I'm hoping to make some kind of system for inserting a pagebreak marker at pre-determined intervals to make a page-list in books which have no paper equivalent.
My idea is, using regex, count X number of characters (including spaces, but text only, no code), and insert a marker after each set, which I can then turn into a properly numbered and formatted epub3 pagebreak.
So for instance, every 1490-1500 characters, insert the marker <span class="pbk" /> (or whatever).
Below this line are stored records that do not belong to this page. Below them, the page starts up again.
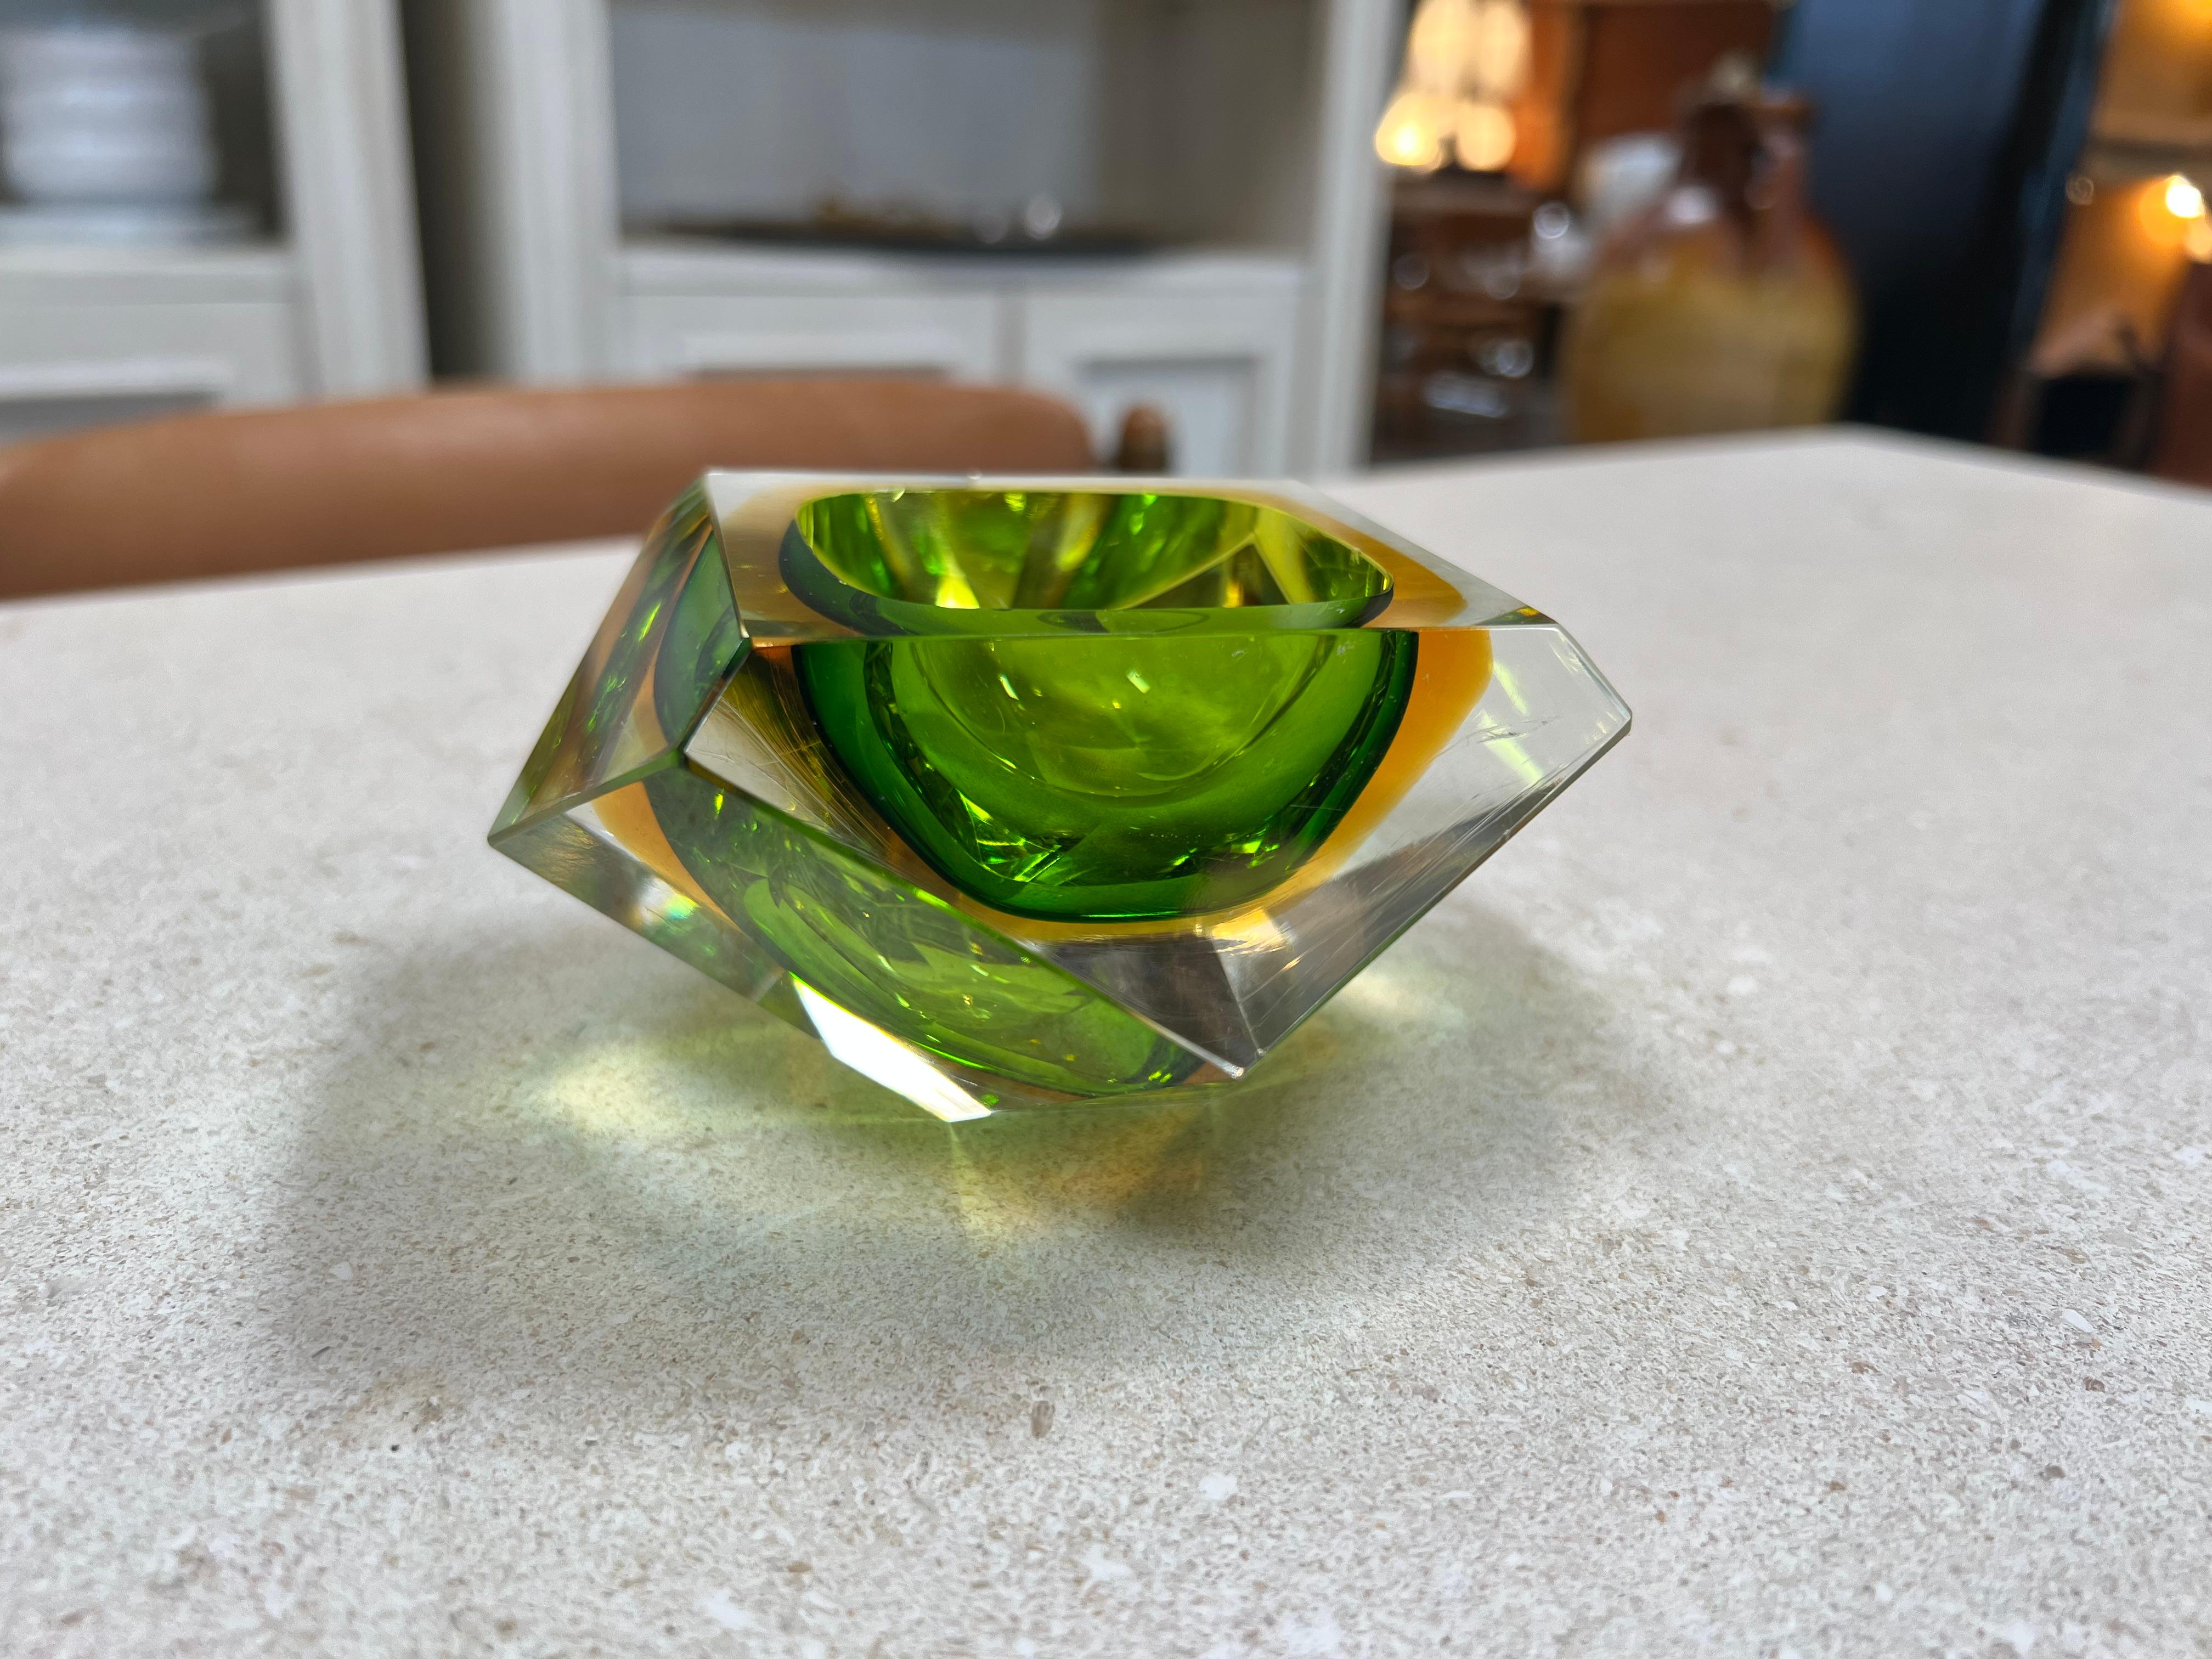 Le magnifique cendrier italien en verre vert submergé des années 1960 est une pièce captivante qui dégage un sentiment de tranquillité et de sophistication. Fabriqué avec soin, ce cendrier présente un design envoûtant avec un verre teinté en vert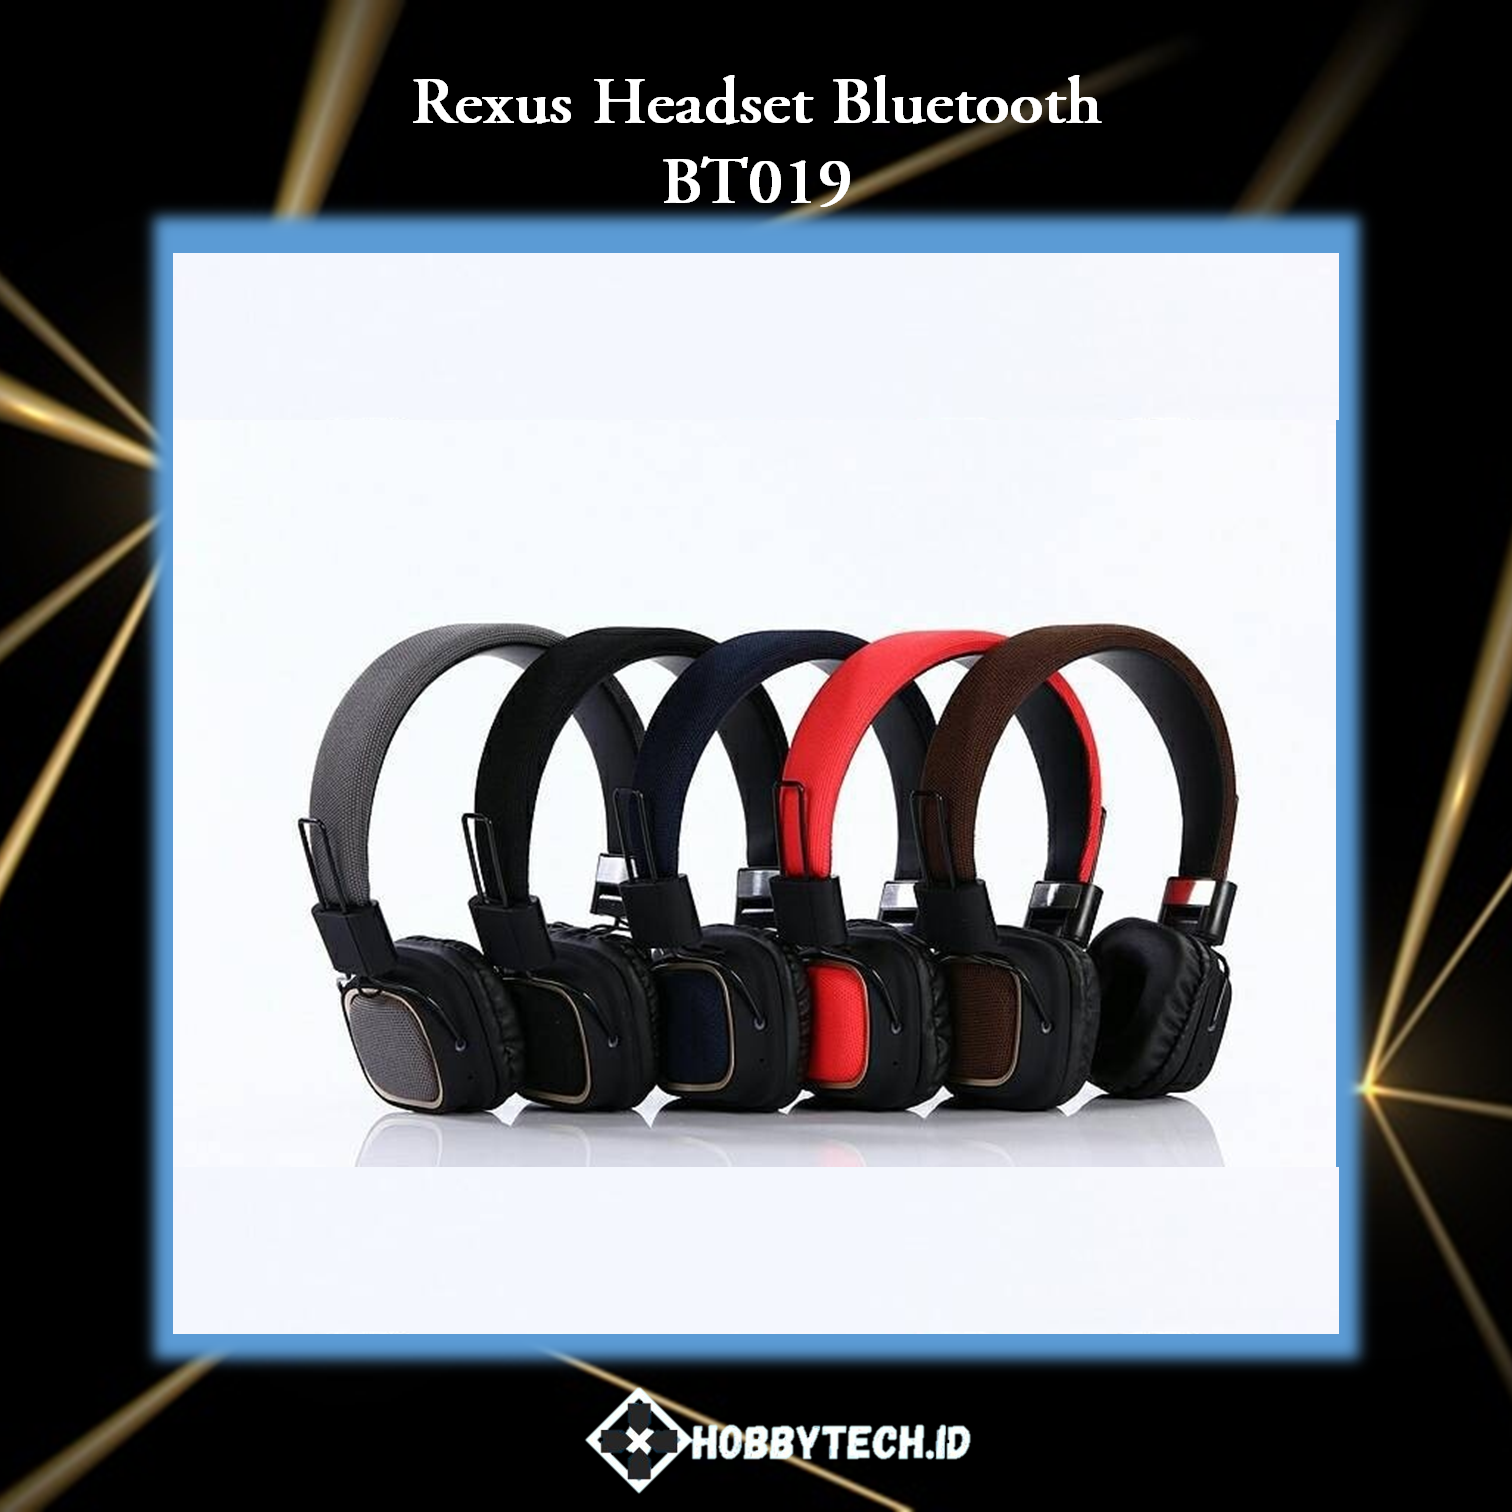 Rexus Headset Bluetooth BT019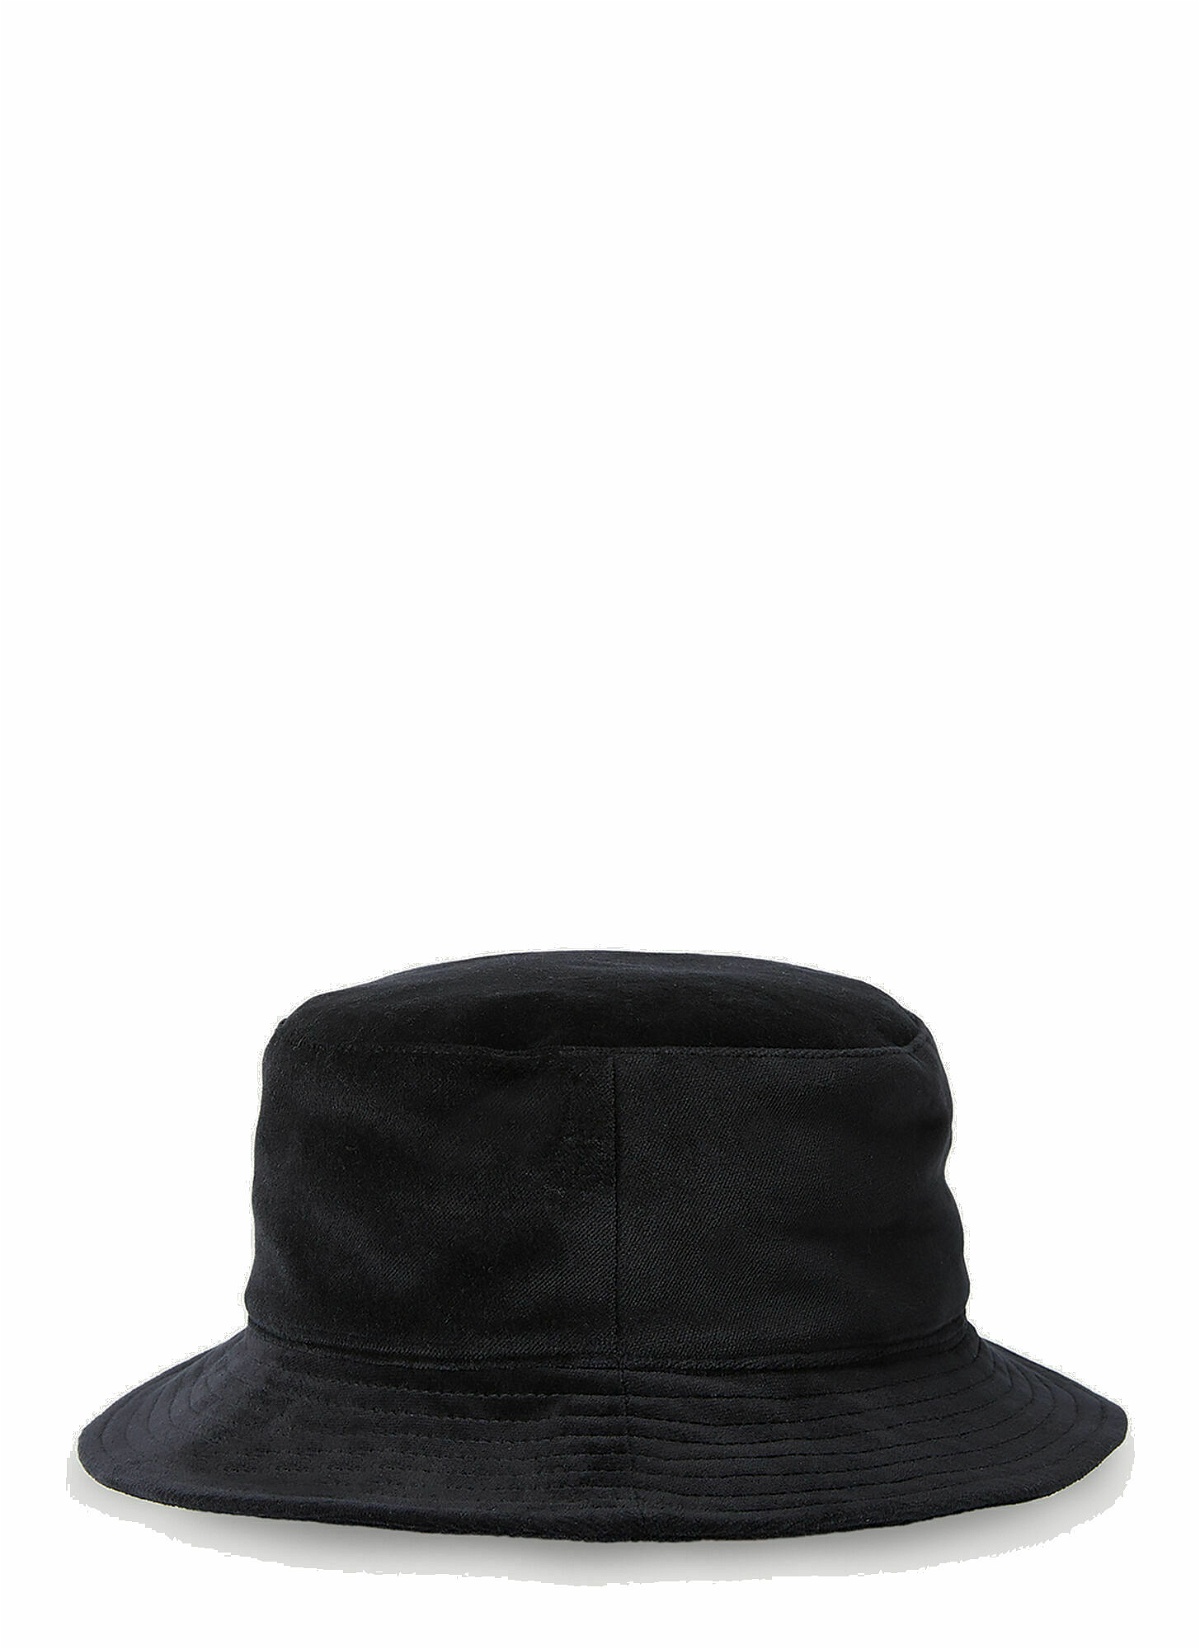 Gallery Dept. - Rodman Bucket Hat in Black Gallery Dept.

Ideally, I want to avoid inserting it inside words or inside any html code, but it can go between words or between paragraphs.
Ideal results:
(1498 characters)word <span class="pbk" />next word. OK
(1500 characters)</p><span class="pbk" /><p> OK
(1500 characters)<span class="pbk" /></p><p> OK
(1500 characters)</p><p><span class="pbk" /> OK
Undesirable results:
(1499 characters)<<span class="pbk" />/p><p> AVOID
(1498 characters)wo<span class="pbk" />rd AVOID IF POSSIBLE
If there is no way to exclude mid-word insertions I will figure something out but I definitely want to avoid insertions inside html tags.
I tried:
search
((.){20,25})
replace
\1<span class="pbk" />
Search options:
No regex options selected
Text only
(I was using smaller numbers to make it easier to test), but for some reason it does not exclude the code.
I also tried this, hoping to avoid mid-word insertions:
((\w|\s){20,25}\s|\w+\s|$)
But it seems to select only one word + space, regardless of character count, and it excludes punctuation (including apostrophes).
If this is not possible by regex, is it the kind of thing that could be added as a feature, where the number of characters per "page" could be user-defined?
Alternately, if there is any easier way to make digital-only pagebreaks that I haven't heard about I am all ears.
Thanks in advance if anyone has any ideas.
|